## Task item
Your output must be the lines below from the line containing "Meghan McCain just" to the line containing "Musk allegedly 'whipped out his penis'.", both lines included, reproduced exactly and without pictures.

## Material provided
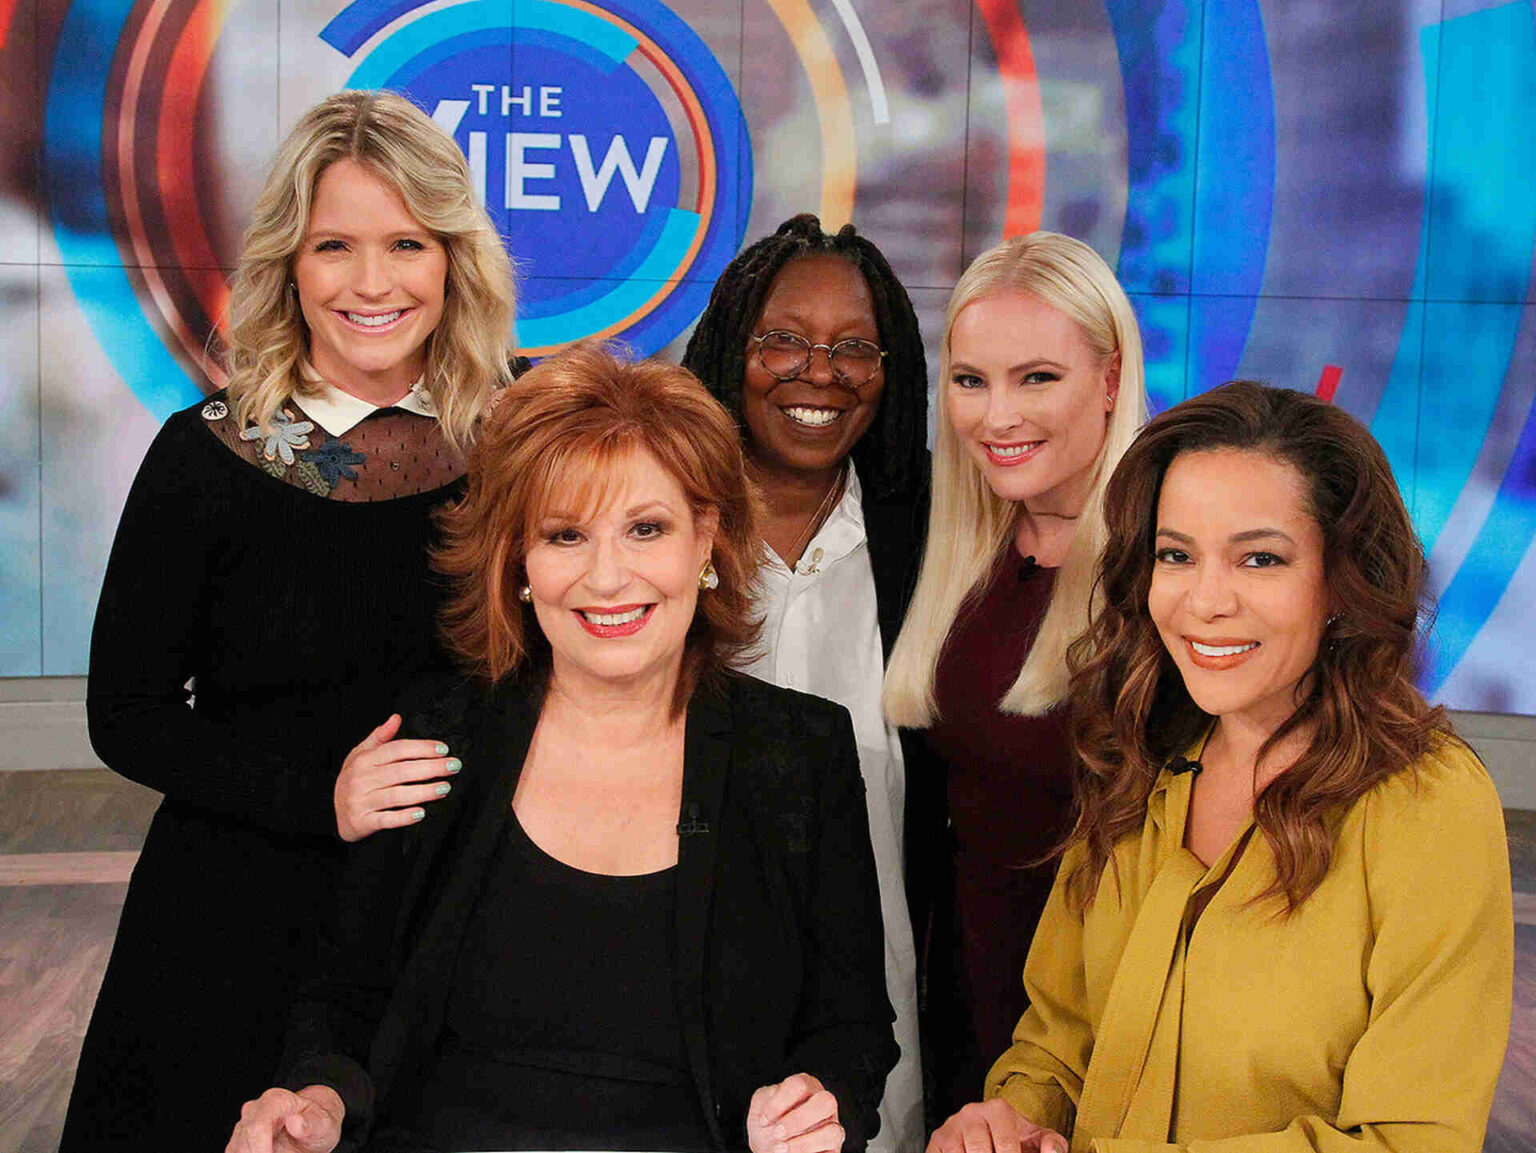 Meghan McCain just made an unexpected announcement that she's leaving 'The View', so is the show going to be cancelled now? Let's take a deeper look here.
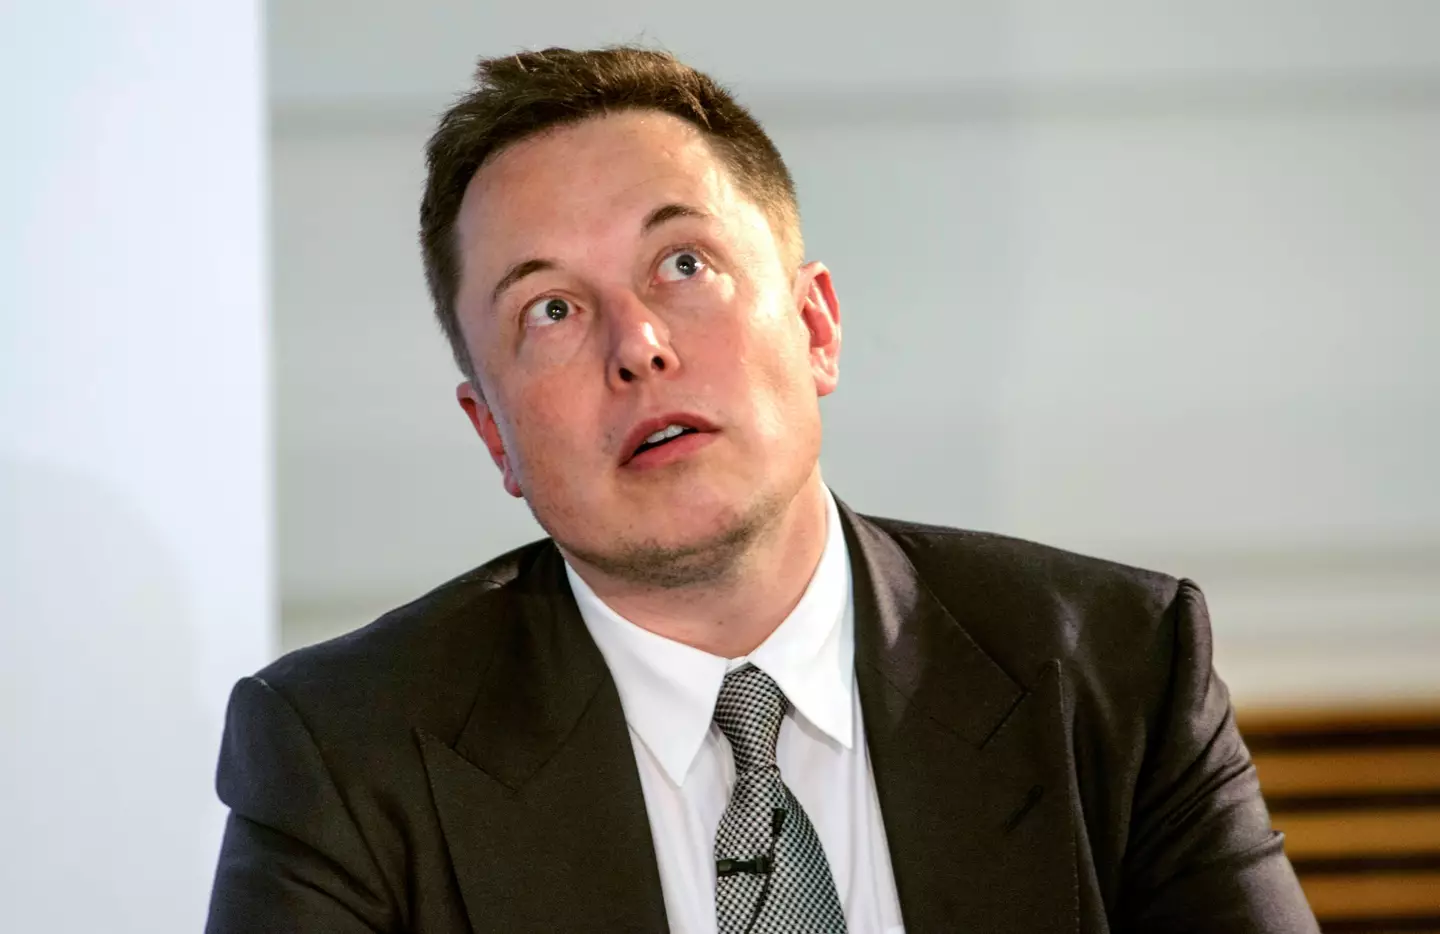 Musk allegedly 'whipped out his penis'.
...
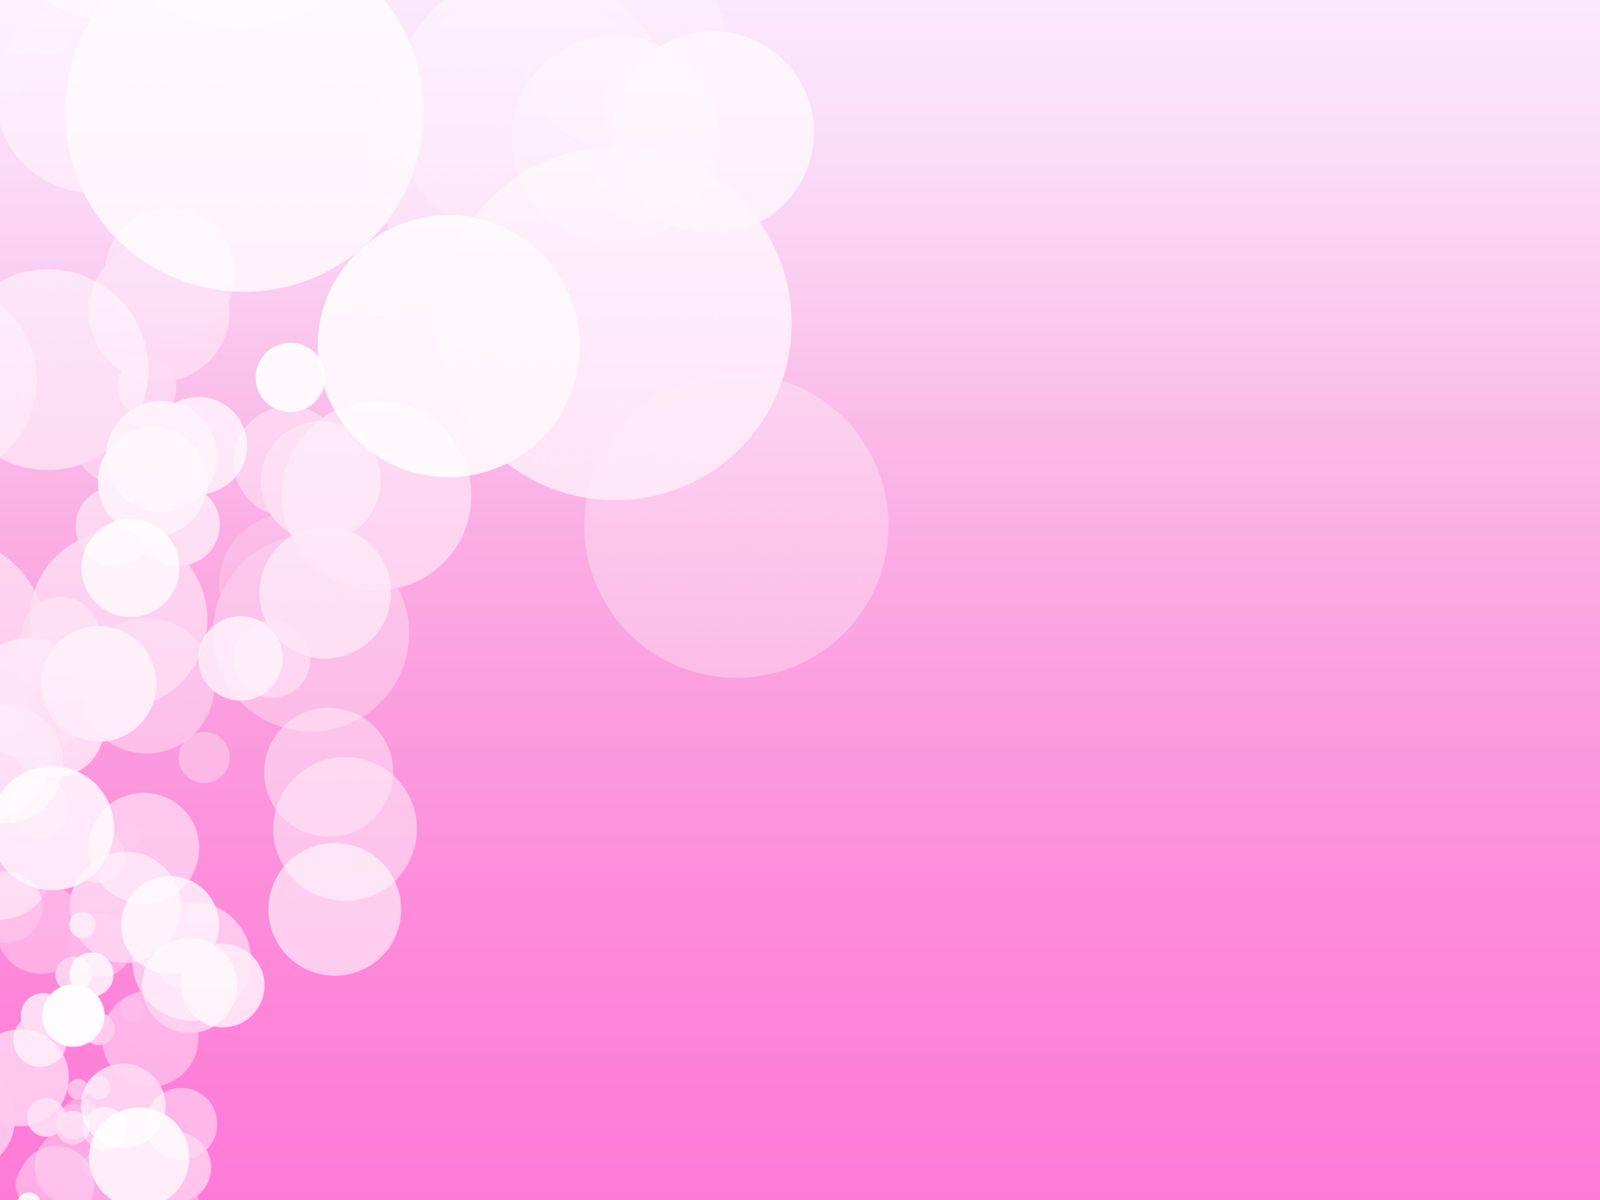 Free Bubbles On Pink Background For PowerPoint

## Reply
 Meghan McCain just made an unexpected announcement that she's leaving 'The View', so is the show going to be cancelled now? Let's take a deeper look here.
 Musk allegedly 'whipped out his penis'.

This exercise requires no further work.